Deeds not 'delivered' despite signatures, rules High Court

Guarantees and warranties given by the directors of a company did not take effect despite the signing, witnessing and handing over of documents, the High Court has ruled. The documents in question were deeds and the Court said that they had not been 'delivered'.

Deeds are more formal than contracts and must be signed, witnessed and 'delivered' to the other party, meaning that the parties must show in some way that they wish to be bound by the documents.

QCFS had requested an invoice discounting facility with Bibby Financial Services. Invoice discounting involves making a loan to a company against invoices it issues which allows that company to receive its income earlier than it would if it waited to be paid by customers.

Documents setting out the agreement for the loan and the supporting guarantees and warranties from the directors were drawn up and amended by hand, then signed and witnessed. The directors handed the signed documents to Bibby.

When QCFS went out of business Bibby sought to recover its debt through the personal guarantees and warranties that it said had been given by the directors of QCFS.

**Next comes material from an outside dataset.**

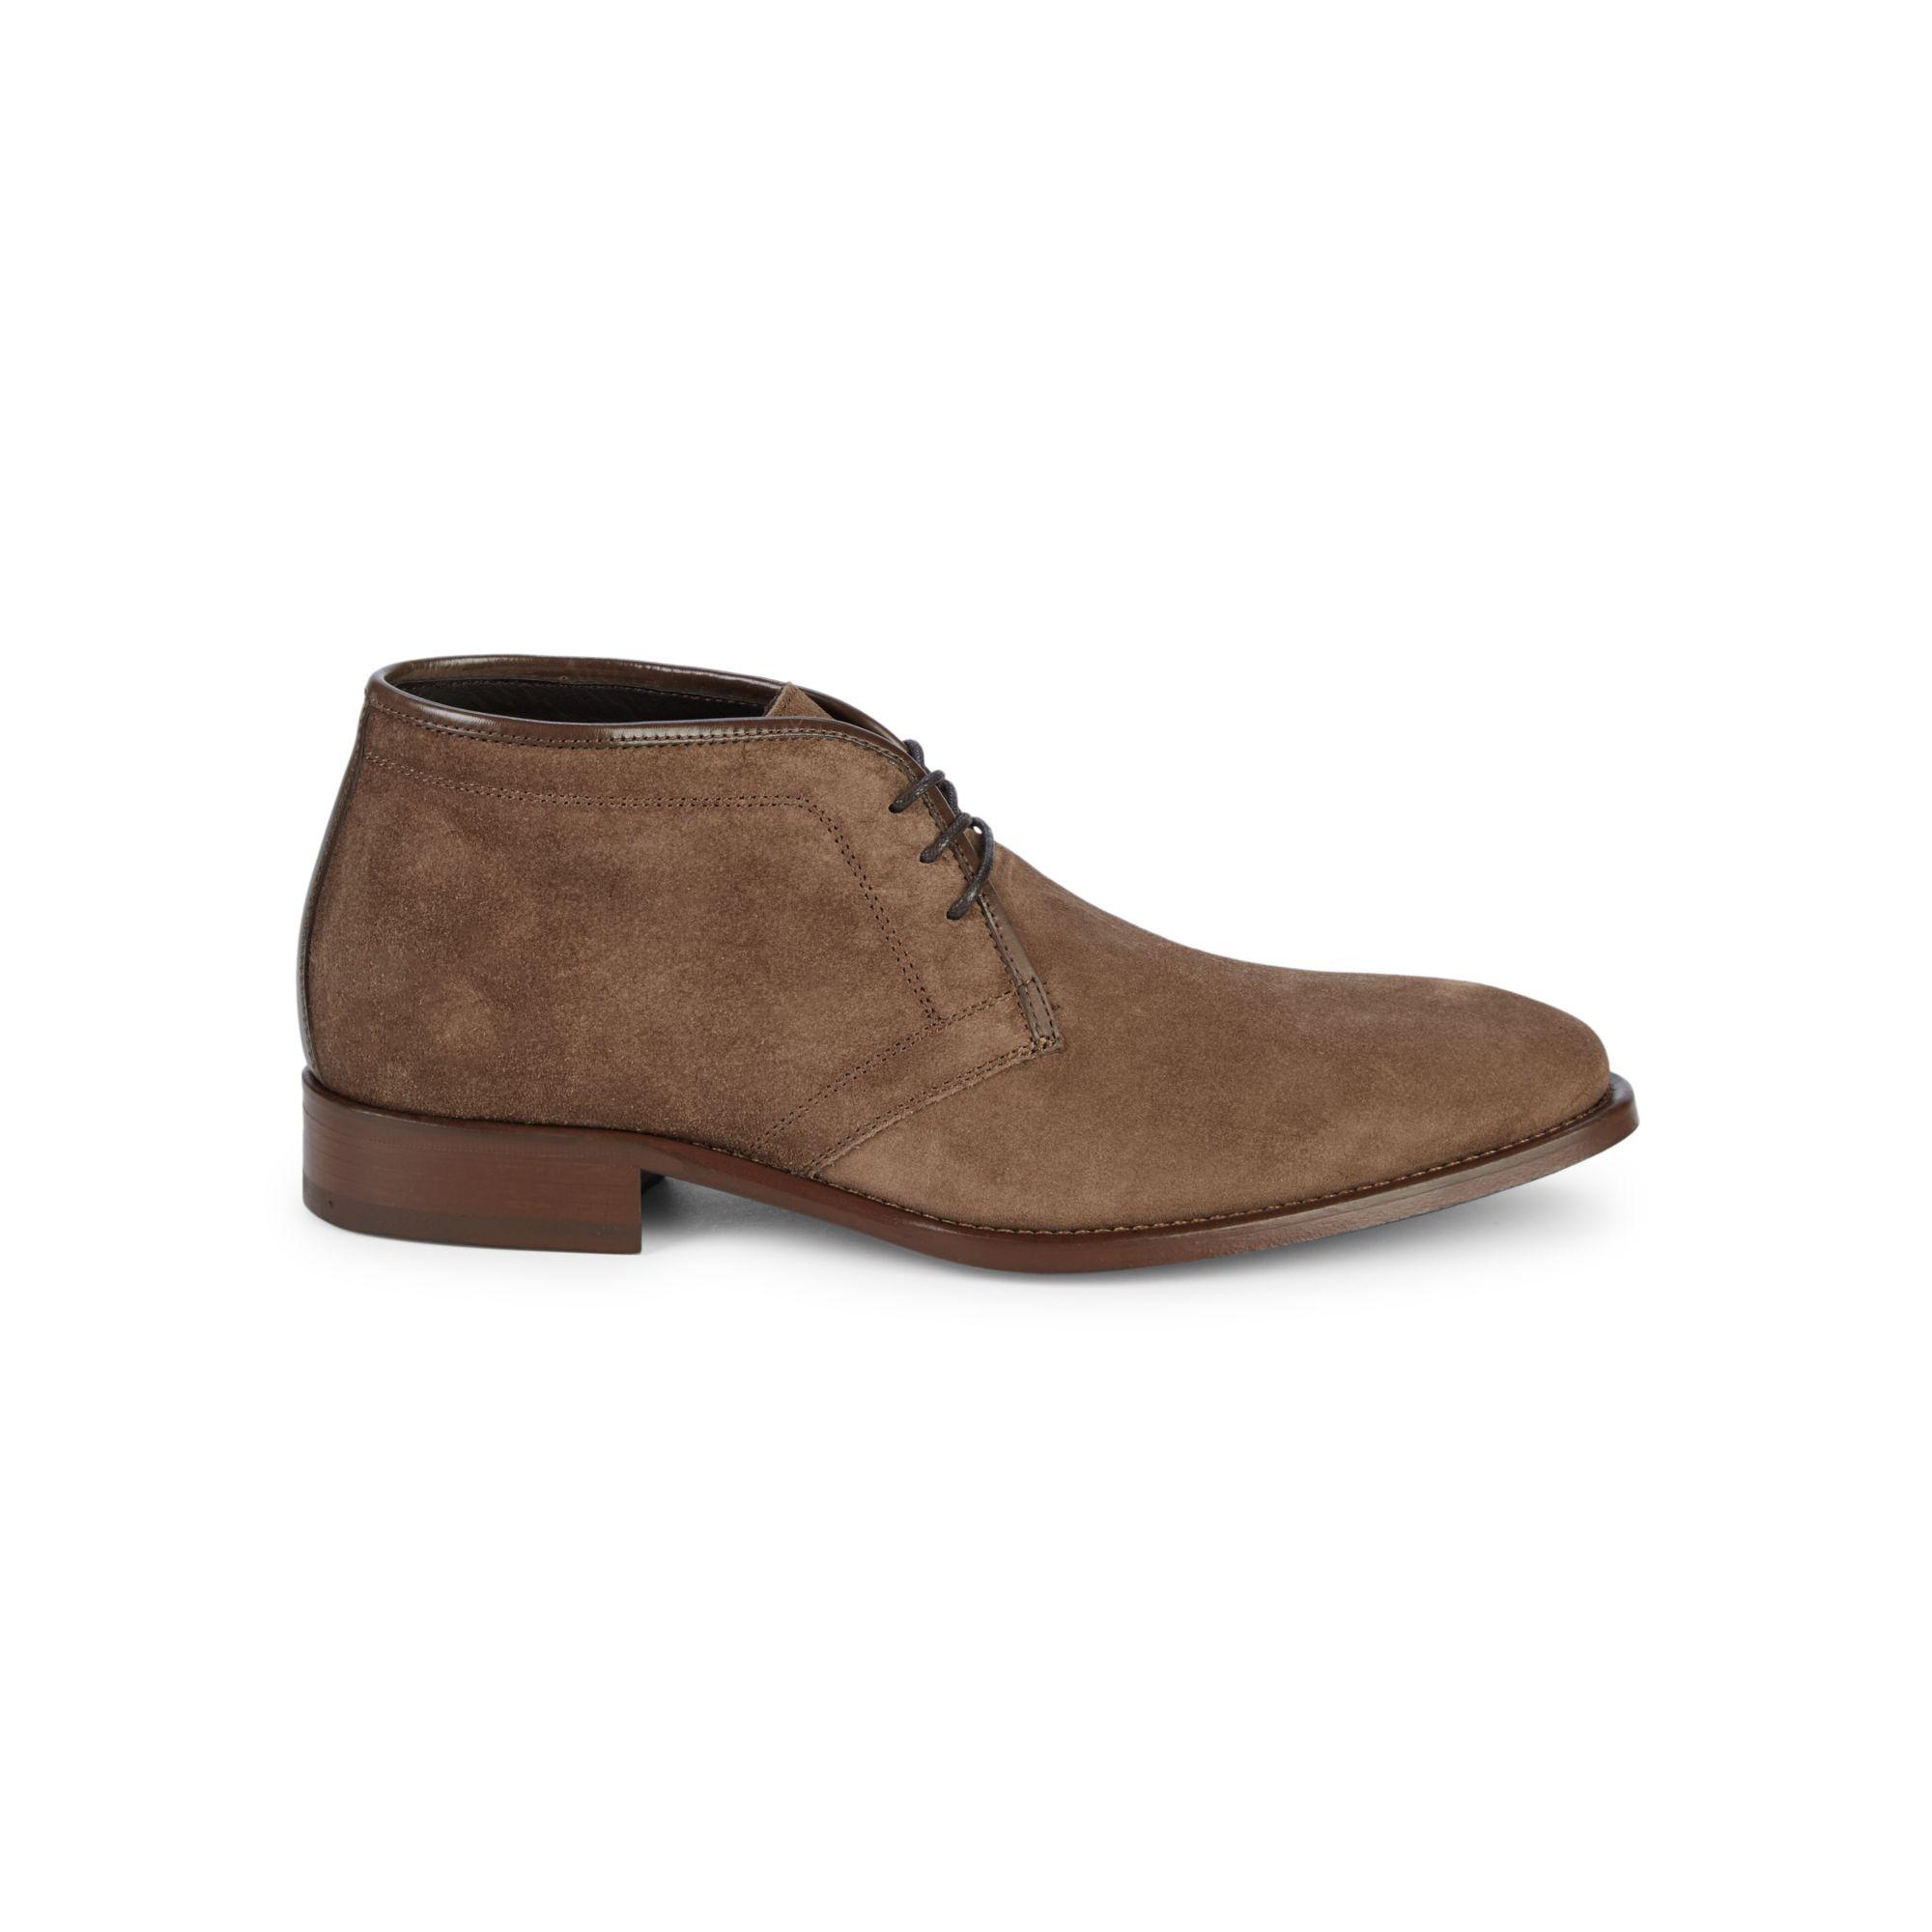 Johnston & Murphy Cormac Suede Chukka Boots in Taupe (Brown) for Men - Lyst

The High Court has found, though, that the guarantees and warranties were not valid because they were not 'delivered' in the way that a deed must be, and so they were not enforceable against the directors.

"On my findings none of the Guarantees, the Warranties or the Bibby ID Agreement was intended to be delivered, in the technical sense, when handed to [Bibby's] Mr. Darling at the meeting on 27 August 2008 after signature by [QCFS directors] Mr. Magson and Mr. Scott," said His Honour Richard Seymour QC, sitting as a judge of the High Court. "It follows that neither Mr. Magson nor Mr. Scott was bound by his Guarantee or his Warranty, and so is not liable to [Bibby] in this action."

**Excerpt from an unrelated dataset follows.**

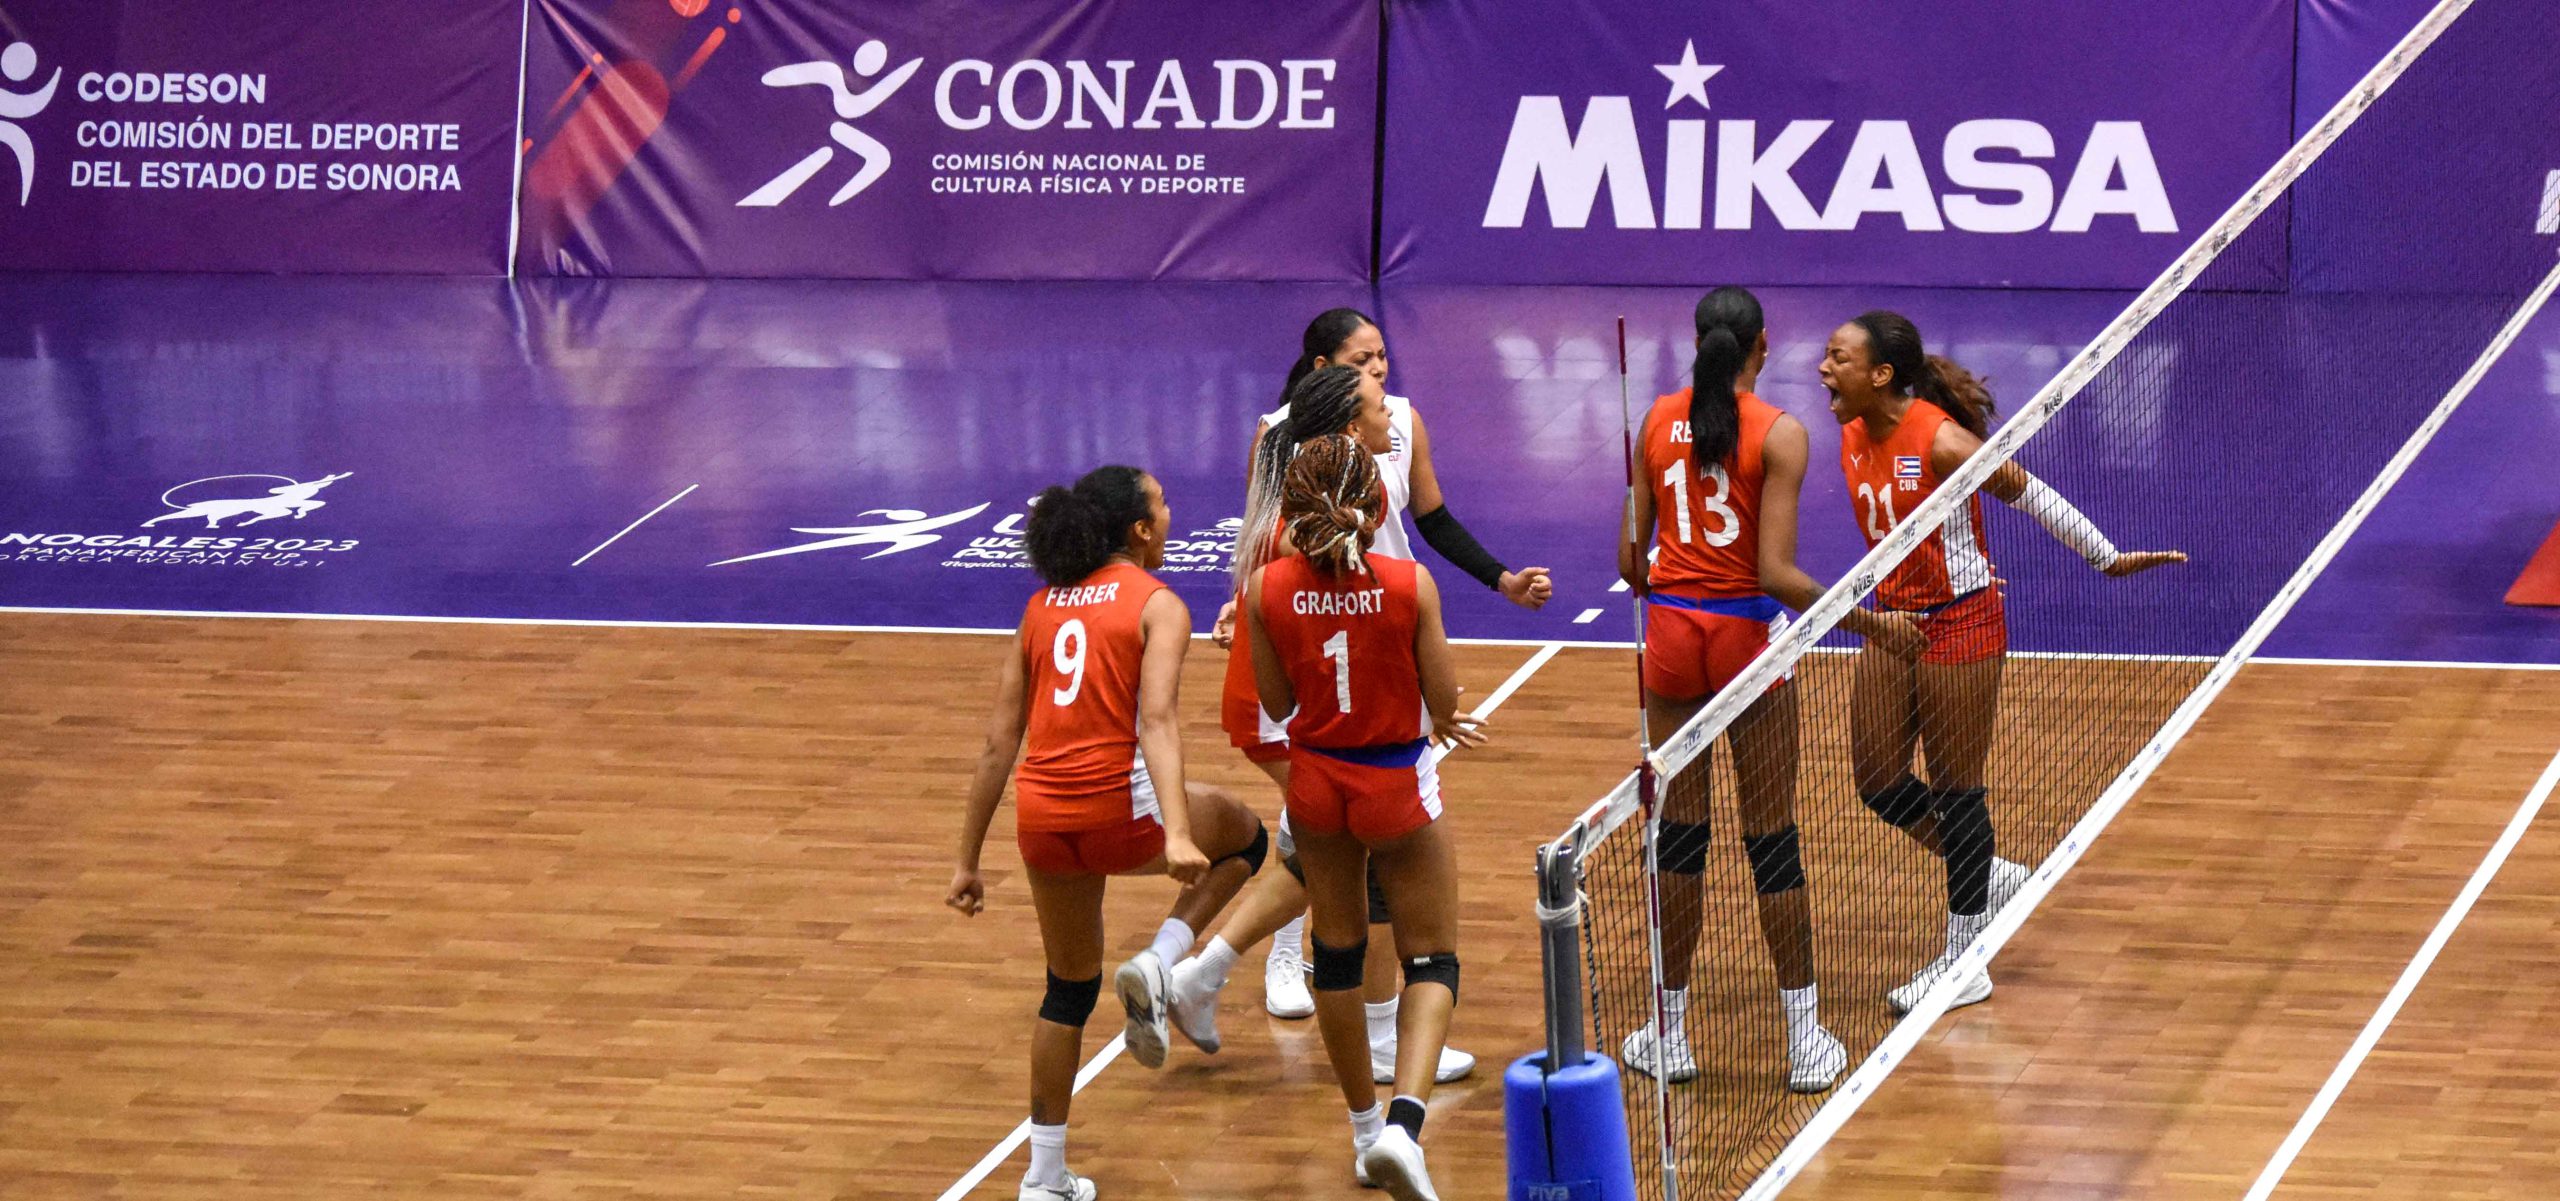 Cuba makes into semifinals with dramatic quarterfinal win over Costa Rica 

The High Court found that the documents were amended with notes indicating what changes should be made, rather than with precisely-worded changes that would constitute part of a deed. Because it found that the directors of QCFS would have expected a fresh version of the document to be produced, it ruled that the deed was not delivered.

"The critical thing is that the person who has signed the deed must have separately indicated that he intends to be bound by the deed," said the ruling, as reported by legal information service Lawtel. "Mere signature is not enough. Nor is it enough that what looks like a deed has been given to the person who appears to be the beneficiary of it – the issue is not whether the document has been physically handed over to the beneficiary, but whether the person whose deed it is supposed to be intended to be bound by it."

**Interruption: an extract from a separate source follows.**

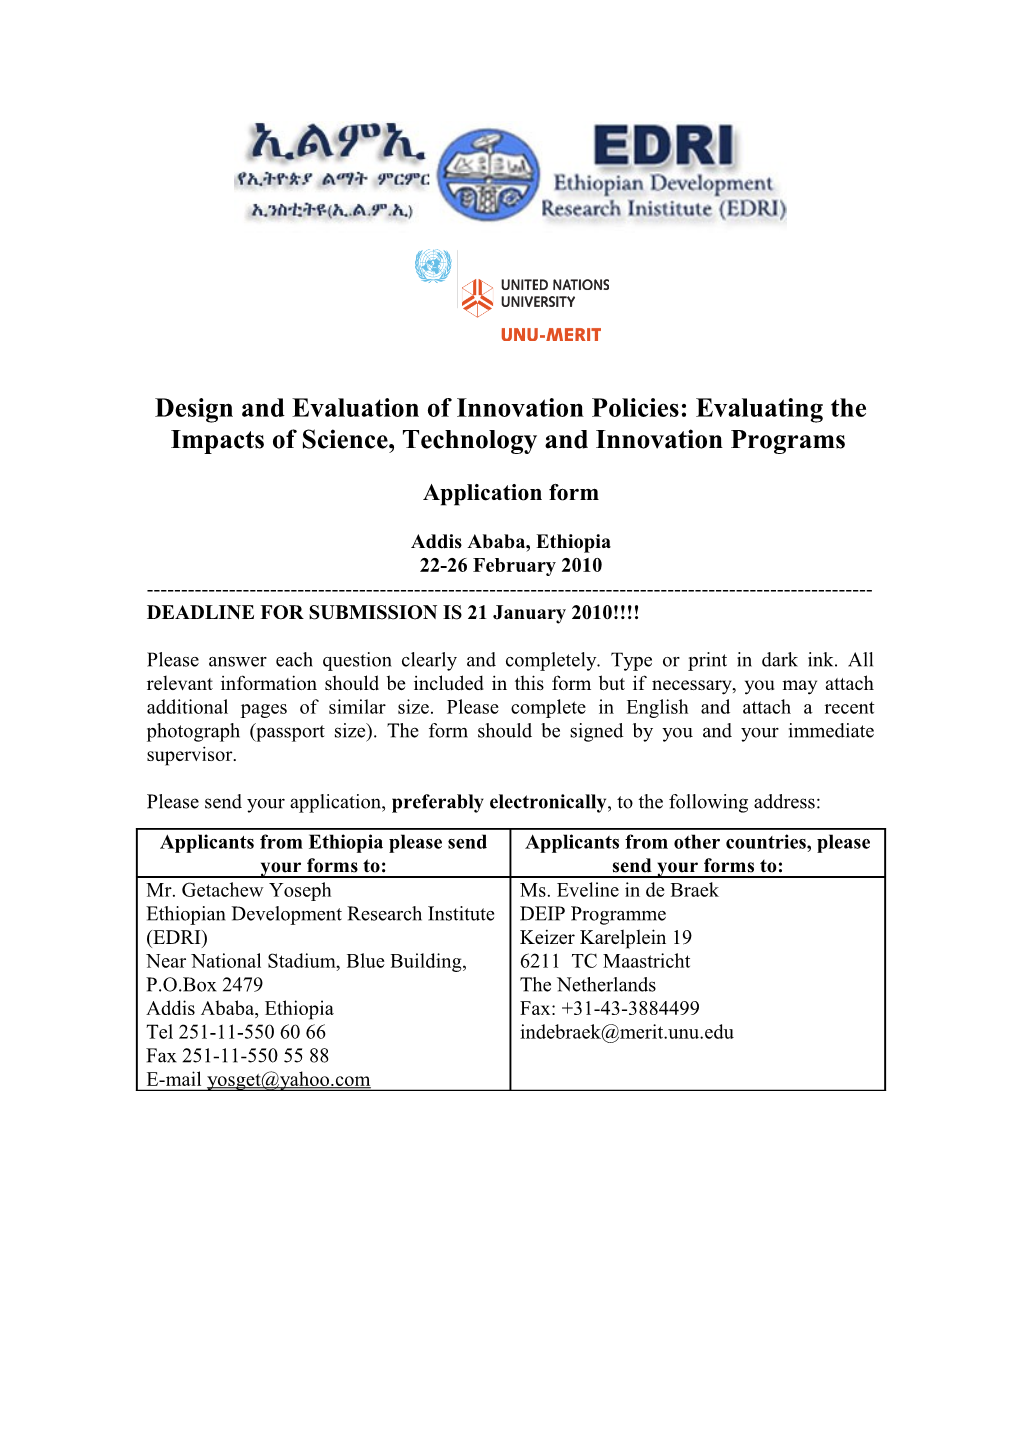 Design and Evaluation of Innovation Policies Application Form

If deeds are being used then all parties need to be totally clear on when a document becomes a deed if they are to be able to rely on it in future said Lucy Shurwood, a financial services law specialist at Pinsent Masons, the law firm behind Out-Law.com.

"Those seeking to rely on deeds must take care to ensure that it is always clear that a document has been delivered," she said. "This could be done by including a statement in deeds confirming that they are delivered when dated, or by requiring the parties at a 'completion' to confirm by email or orally that they intend to deliver and be bound by the deeds they have executed."